People bring up all sorts of misunderstanding about what a casual employee really is. You don't have to accept work that is offered to you when it is offered or demanded by your employer. You're not entitled to minimum hours unless an award or agreement applies. You can end your shift (ie. period of employment) whenever you want unless an agreement to the contrary applies. And you do indeed get a minimum amount for completing an Uber trip, even if it's a 10 second, 100 meter trip. You need to distinguish between "logging on" which is letting Uber know that you are "available to work right now", and "accepting a trip" which is the same as "accepting a shift".


----------



## Kyanar (Dec 14, 2017)

UberDriverAU said:


> It's not a terrible example, it's an example of how you can't just start and finish work whenever you feel like it as an Uber driver. Once you have accepted that offer of work, you had better start heading towards your passenger within a few minutes or there are potential consequences.


No, it really is a terrible example. As an independent contractor, _not_ Uber driver, you _still_ can't just start and finish work whenever you feel like it. If you take on a contract, you better be willing to complete that contract within the terms set or there are consequences. _This_ _does not support your argument that Uber drivers are employees. At all._



UberDriverAU said:


> People bring up all sorts of misunderstanding about what a casual employee really is. You don't have to accept work that is offered to you when it is offered or demanded by your employer. You're not entitled to minimum hours unless an award or agreement applies. You can end your shift (ie. period of employment) whenever you want unless an agreement to the contrary applies. And you do indeed get a minimum amount for completing an Uber trip, even if it's a 10 second, 100 meter trip. You need to distinguish between "logging on" which is letting Uber know that you are "available to work right now", and "accepting a trip" which is the same as "accepting a shift".

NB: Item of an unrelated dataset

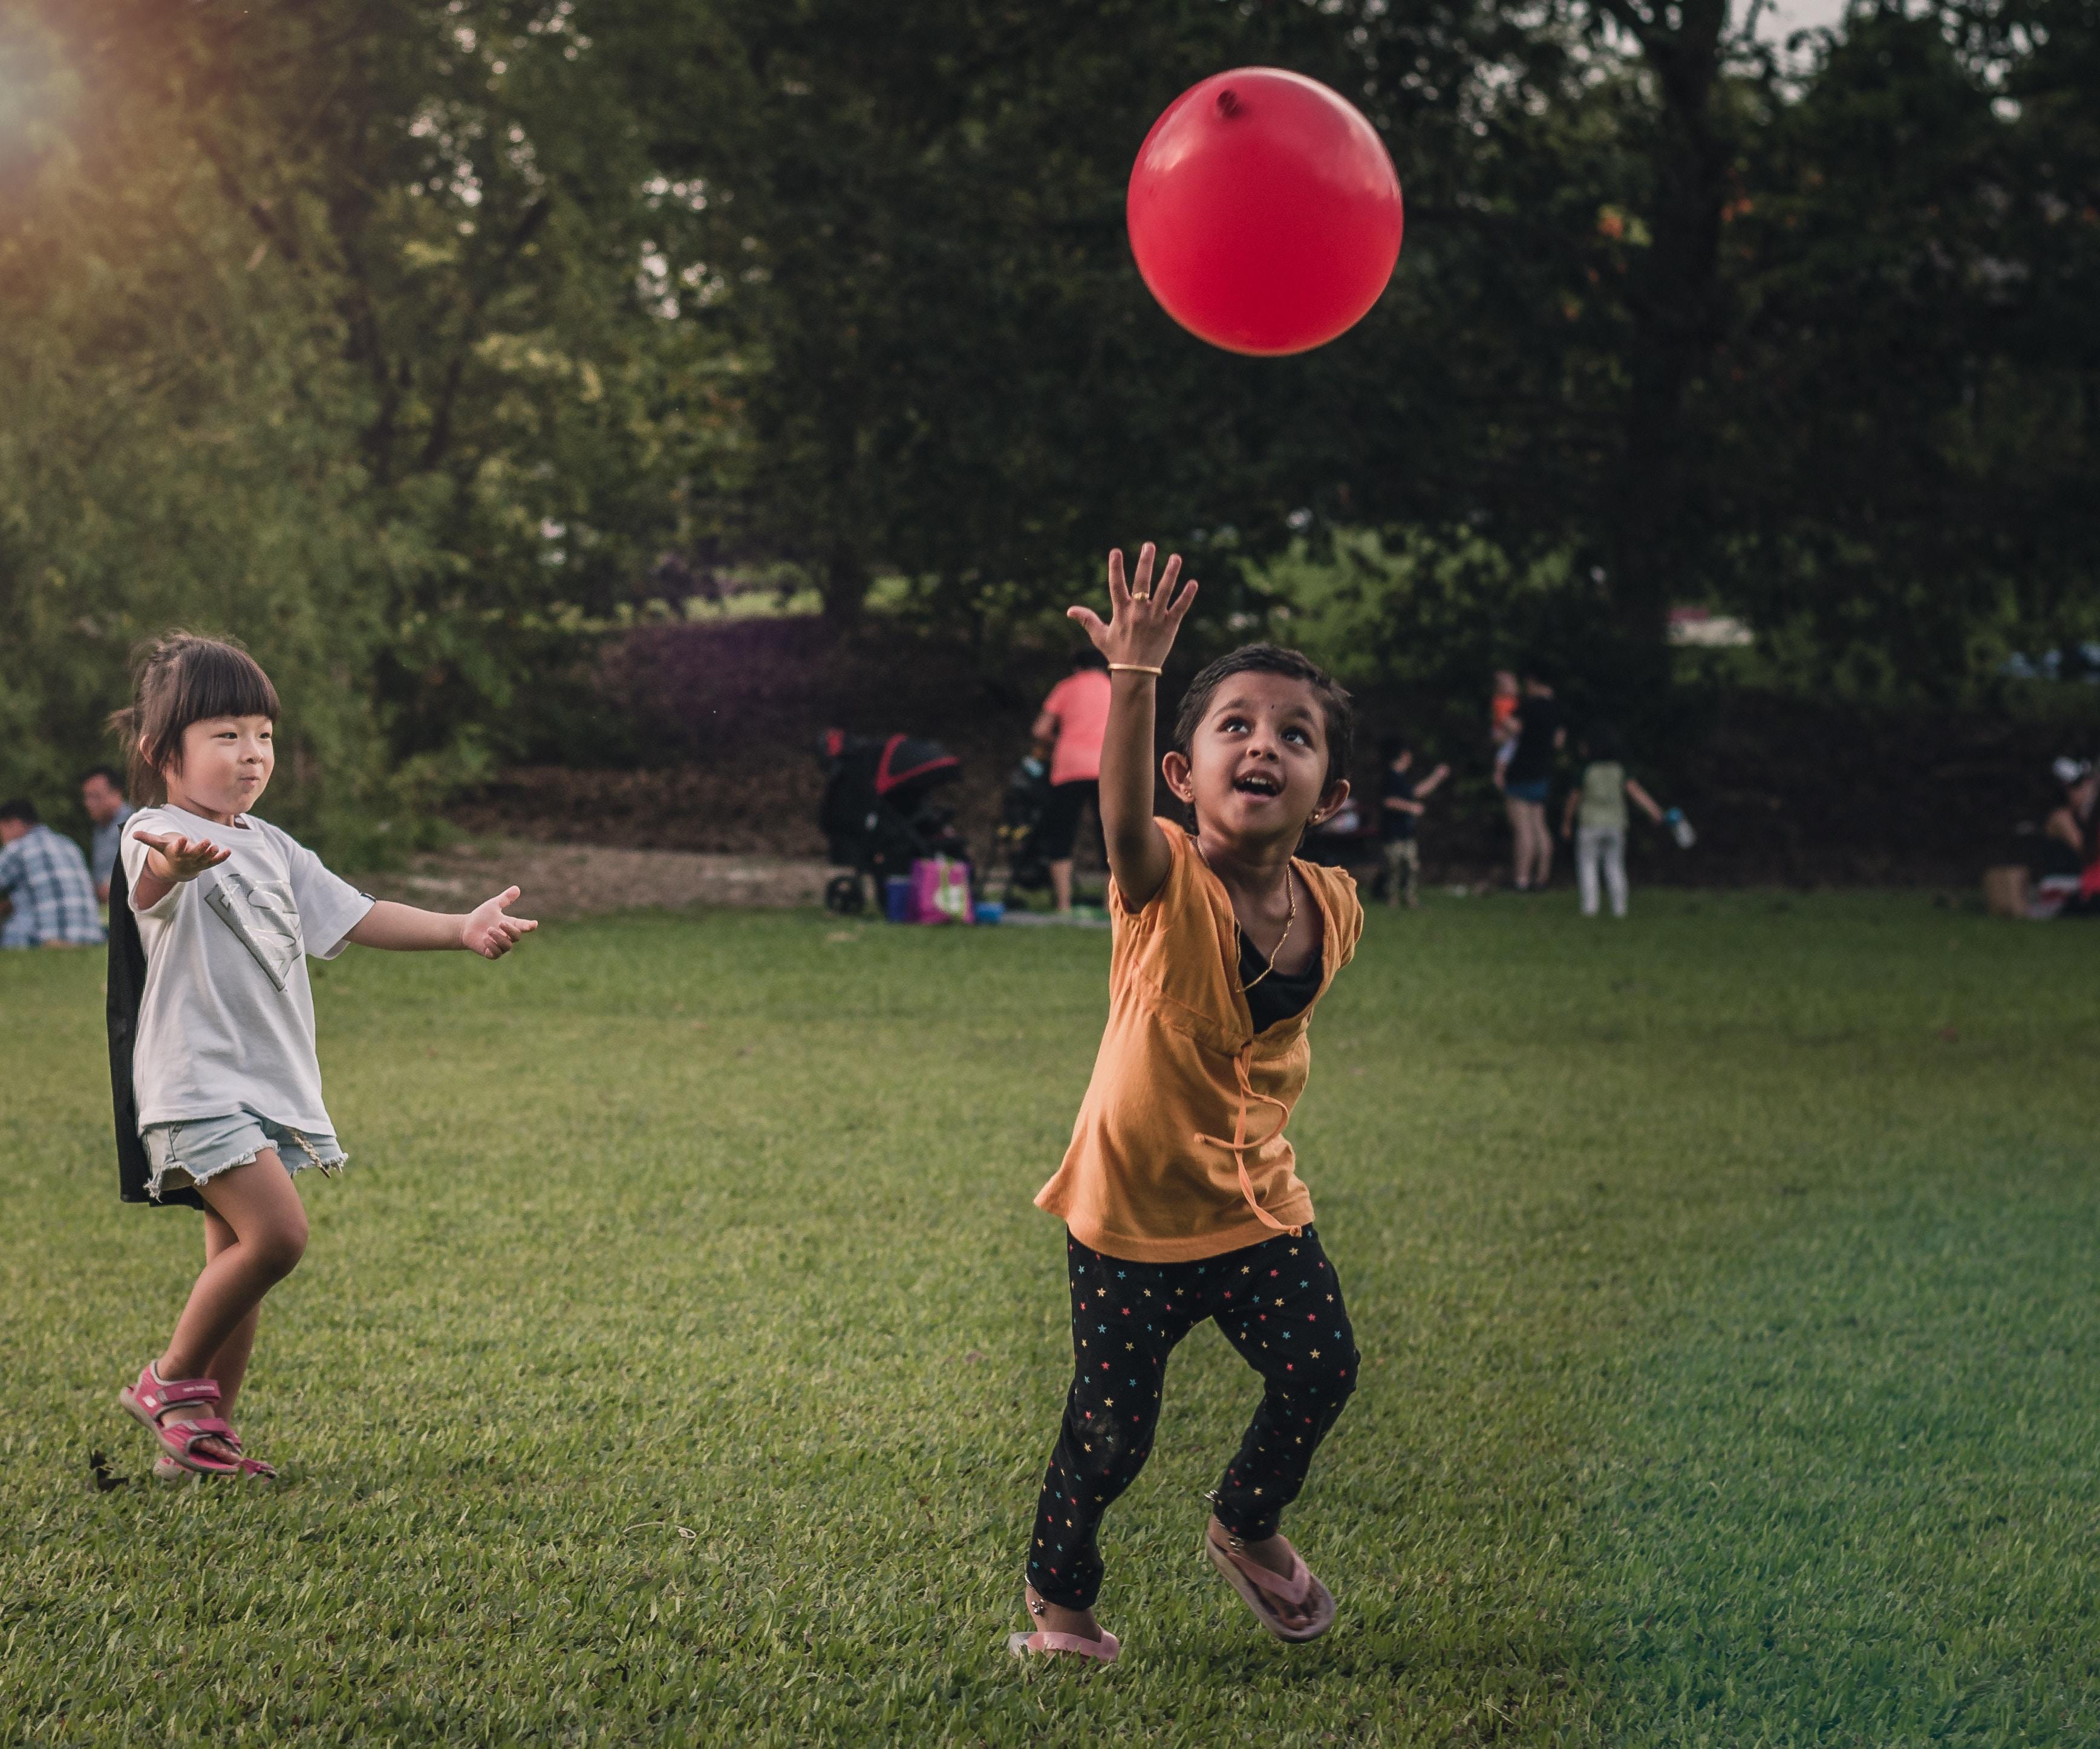 Quanto tempo uma criança brinca ao ar livre hoje?

I think it is you who is misinterpreting parts to try and suit the narrative that a driver is an employee. There really is nothing to suggest this is the case, with the driver providing the tools, the labour, no set expectation of hours or method of work - all signs point to the FWO being absolutely correct as to the status of a driver. And frankly, why would you _want_ to be an employee? Way to kill all the flexibility that exists for those of us who aren't interested in another 9-5.

What you should be fighting for is protections against unfair conditions in Uber's contractual arrangements- an end to unilateral rate changes, an end to unfair deactivations, an end to one sided treatment of rider/driver disputes.


----------



## UberDriverAU (Nov 4, 2015)

Kyanar said:


> No, it really is a terrible example. As an independent contractor, _not_ Uber driver, you _still_ can't just start and finish work whenever you feel like it. If you take on a contract, you better be willing to complete that contract within the terms set or there are consequences. _This_ _does not support your argument that Uber drivers are employees. At all._
> 
> I think it is you who is misinterpreting parts to try and suit the narrative that a driver is an employee. There really is nothing to suggest this is the case, with the driver providing the tools, the labour, no set expectation of hours or method of work - all signs point to the FWO being absolutely correct as to the status of a driver. And frankly, why would you _want_ to be an employee? Way to kill all the flexibility that exists for those of us who aren't interested in another 9-5.
> 
> What you should be fighting for is protections against unfair conditions in Uber's contractual arrangements- an end to unilateral rate changes, an end to unfair deactivations, an end to one sided treatment of rider/driver disputes.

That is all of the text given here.